Ну, так вот, снова возвращаюсь к Бухмайру, — он мне бросился в глаза еще на вокзале, при отправке. Конвойные, видно, не внушали Большому Шарлю особого доверия, и он самолично выстроил их, вооруженных карабинами и автоматами, в две шеренги. По этому коридору нас прогнали под его наблюдением сквозь поток пассажиров, — те боязливо поглядывали на нас и тут же отводили глаза, — по перрону к вагонам. Все это время Большой Шарль ни одного из заключенных ни на секунду не терял из виду, и лишь после того, как мы все забрались в вагоны и он удостоверился, что в каждом купе имеется вооруженный конвоир, лишь после этого он позволил себе скрыться в здании вокзала. И вот тут-то мне впервые бросился в глаза Бухмайр, мой убийца Бухмайр. Правда, на призыв Большого Шарля проявлять бдительность и не спускать глаз с семи вверенных ему террористов он лихо отрапортовал: «Есть!» Однако тут же, хоть и значительно тише, но вполне явственно, ругнулся сквозь зубы — бросил по адресу Большого Шарля словцо, которому отнюдь не место в альбомных стишках для молодых девиц. Эге, подумал я, да ты бунтовщик! Но не прошло и суток, как мне пришлось убедиться, что бунт ефрейтора Бухмайра полностью исчерпался этим словесным взрывом, который к тому же относился не к возложенному на него поручению, а к Большому Шарлю, усомнившемуся в его способности это поручение выполнить.

А что поделывает мой полицейский? Я посмотрел в окно. И тут, когда я слегка приподнялся, повернув голову, чтобы в поле моего зрения оказались окно и стол, то почувствовал, что подобные небольшие движения не причиняют мне такой уж нестерпимой боли. Это что-то новое.

Собственно говоря, ново уже то, что я вообще в состоянии шевелиться. Что-то изменилось. Больше я уже не плыву под водой, отчаянно пытаясь вынырнуть. Пространство и свет уже не обволакивают меня, словно поток или прозрачная дымка. Я уже не тот, кому, подбадривая его, говорят, что он выживет, — нет, теперь я сам знаю: выживу! А коли так — ну-ка, господин полицейский, на пару слов: что ты тут, собственно, делаешь? Кому повинуешься? Чего мне от тебя ждать? Ты тоже станешь стрелять в меня?

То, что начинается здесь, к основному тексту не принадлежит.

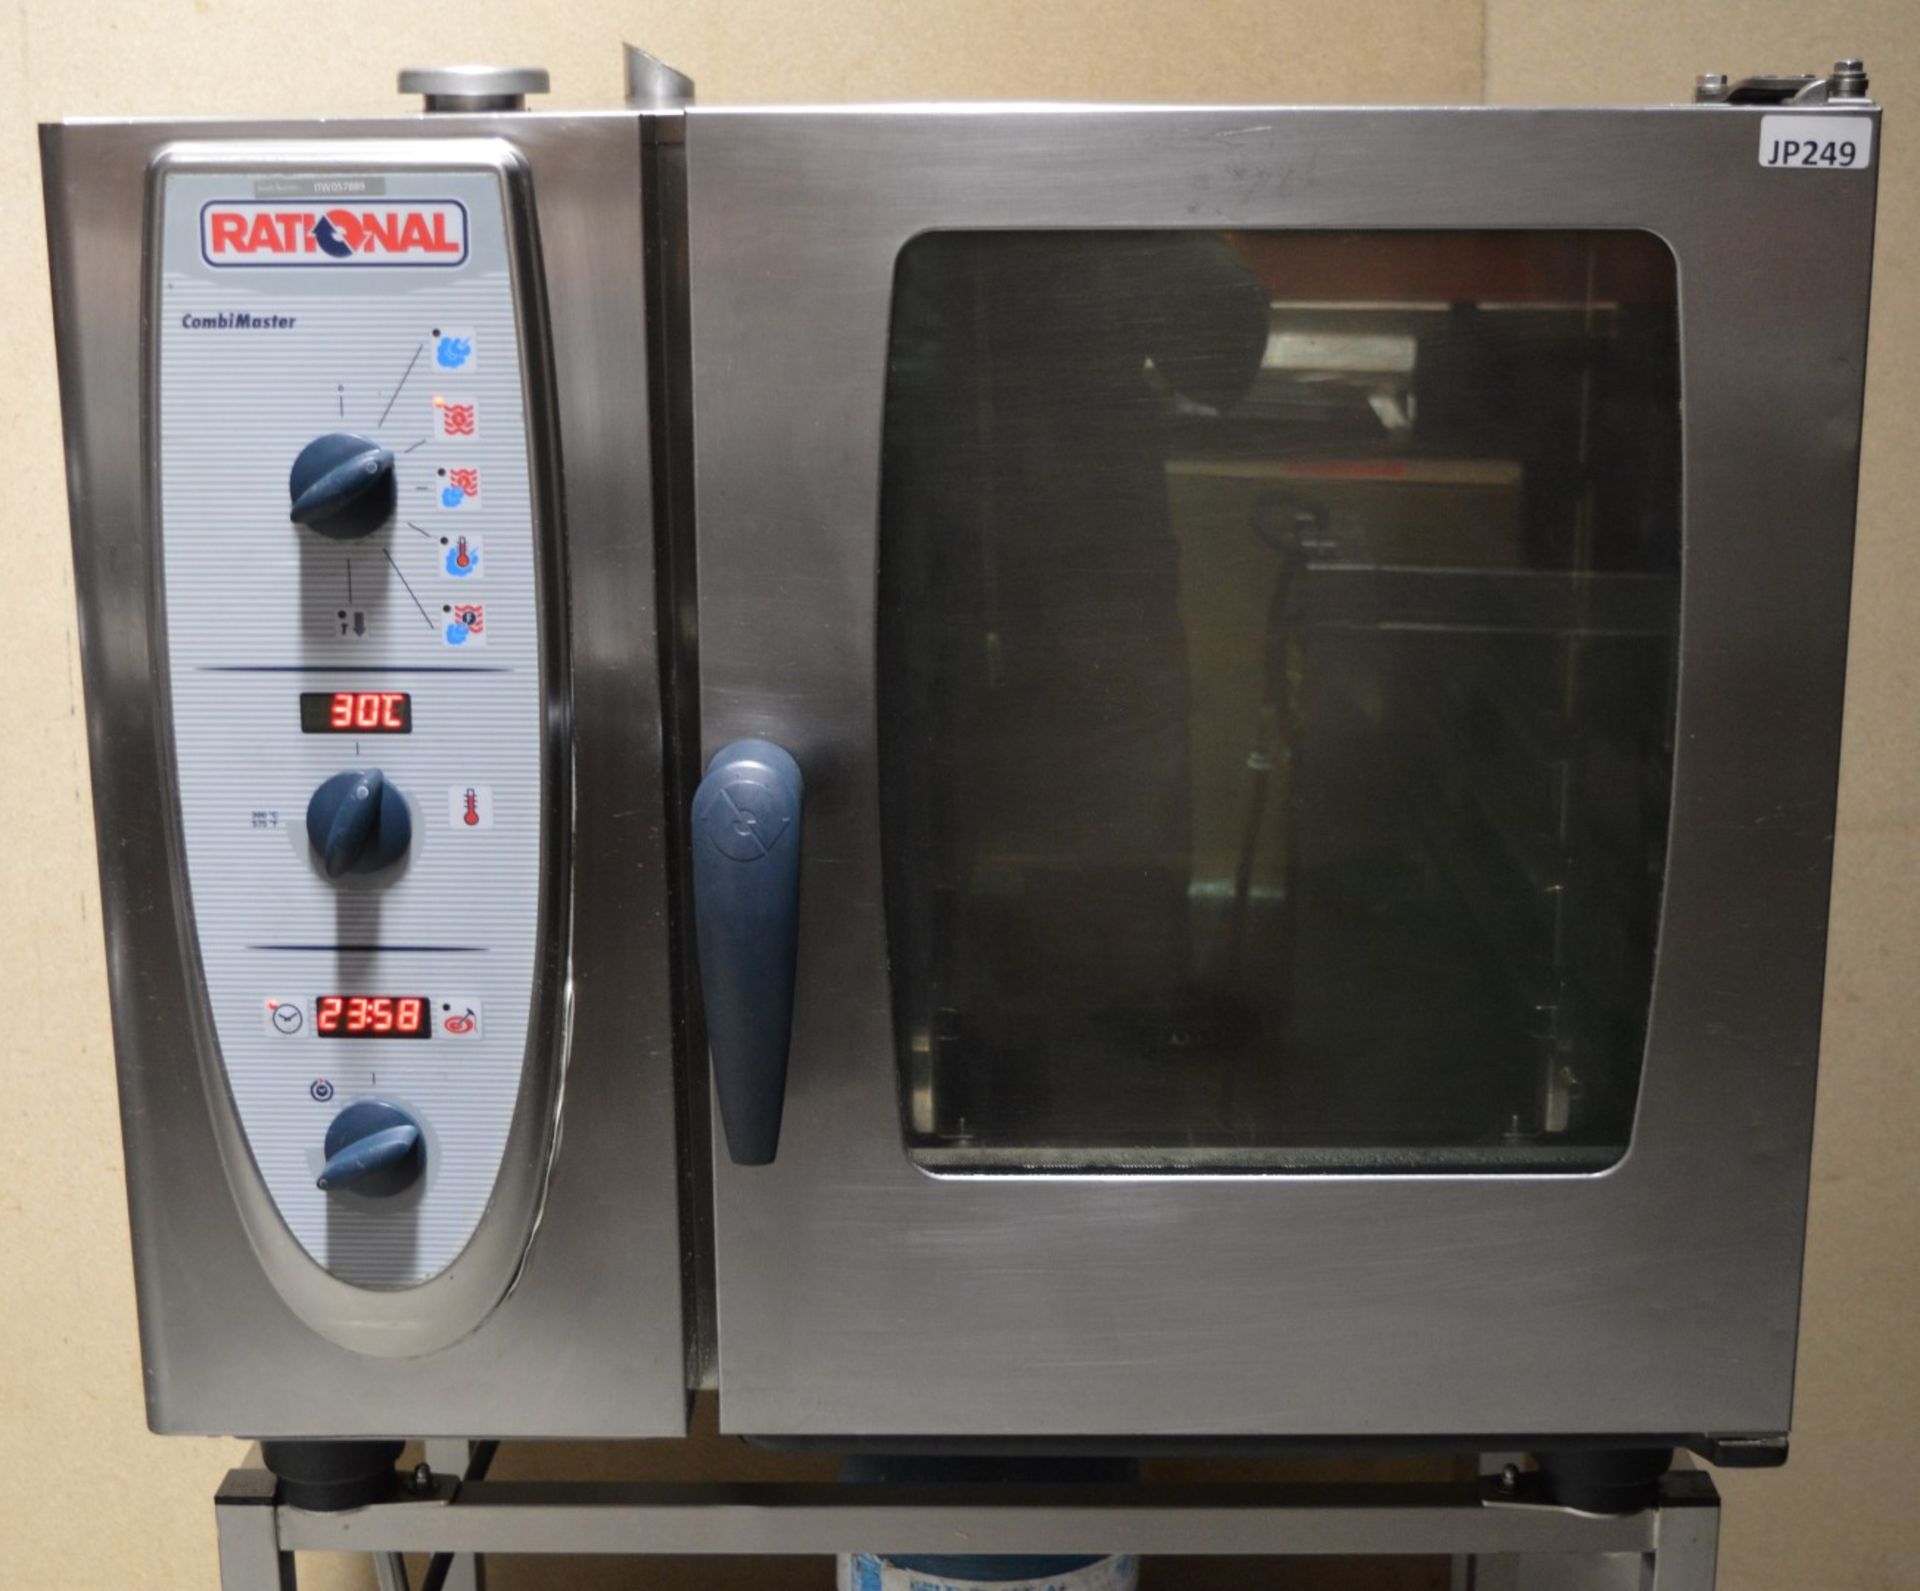 1 x Rational CombiMaster 6 Grid Combi Oven With Stand - CL232 - 3 Phase - H146x W85 x D82 cms - - Image 2 of 11

Вот так так! Полицейского-то моего подменили. У того, первого, которого, сдается мне, я уже упоминал, была голова Бухмайра, а у этого голова как голова и вполне нормальное человеческое лицо. Разница становится очевидной, когда он подходит к стойке, на которой укреплен стеклянный баллон. А где же резиновая кишка, соединявшая меня с этим баллоном?

Мой новый полицейский улыбается.

— Физиологического раствора больше нет, — говорит он.

Тут откуда-то возникает безмолвная черная фигура, увенчанная белым треугольником, а под треугольником — пара глаз, больших и кротких.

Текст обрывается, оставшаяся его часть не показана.